I co-led this workshop with our internal product lead, dividing up sections as it made sense to the flow of the kickoff. The interesting parts of this workshop came from the Experience Mapping Exercise we prepared. Experience maps bring together the customer experience and business goals. We documented high-level goals, problems in the way of those goals, and lay the groundwork for hypotheses and testing.

Through this exercise we had the Patagonia team place stickies on poster paper based on the following:

  1. What are your goals, and customer needs.

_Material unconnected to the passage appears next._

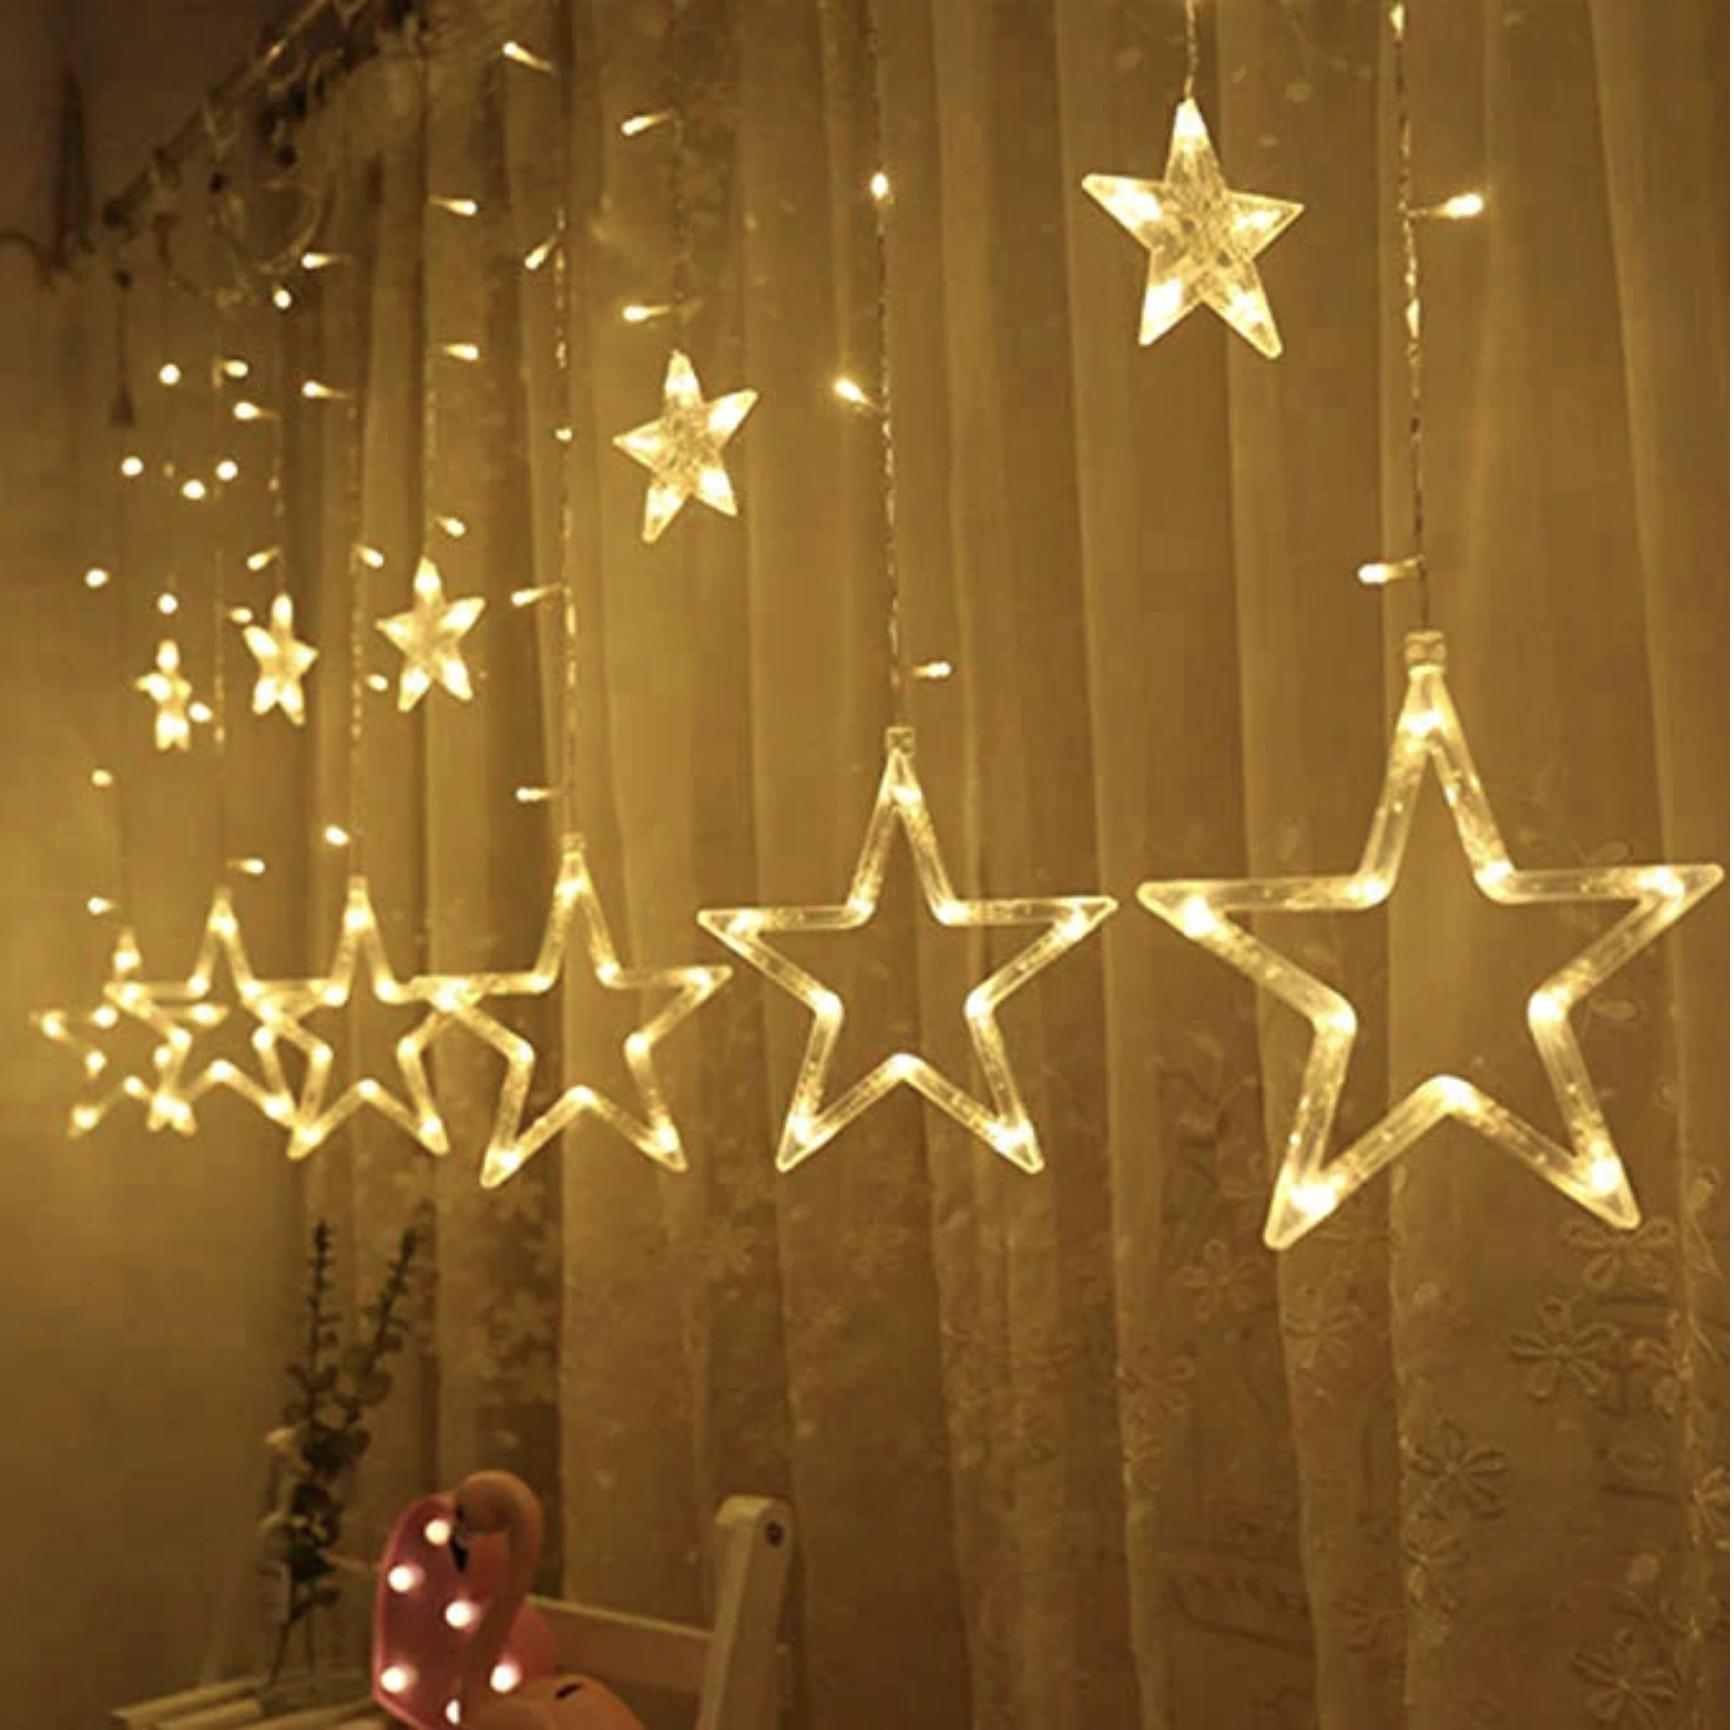 Instalatie craciun perdea luminoasa ploaie de stele alb cald

  2. Brainstorm every action the customer takes as they learn about Patagonia and make a purchase. Place these on the wall in the order they occur.

  3. With the actions on the wall, place each of the customer goals with the action that addresses that goal. Add a note where this happens on the website.

  4. Look at the rough maps you’ve made. Where is there a mismatch between customer goals and customer actions? Where does the website fail to support those goals or actions?

    After reviewing each group’s map, we laid out a journey map that the group could all agree on. These collective journey maps were the foundation of the problem identification rounds we later performed. We’d later validate these roadmaps with user data, but for now it’s great to have for idea generation.

Heuristic evaluation

Once the main problem identification round was completed I took them through how the data was gathered and what conclusions we came to. Our goal here was to avoid biasing the Patagonia team, by letting them think of their own problems without piggybacking off of this evaluation presented in the workshop.

High level results

The main gaps identified were in the bottom of funnel and product discovery phases. Most of their competitors had more robust search/filter/browse functions. We don’t offer solutions at this phase but offer these as thought starters in the workshop. This data was added to the evolving journey map.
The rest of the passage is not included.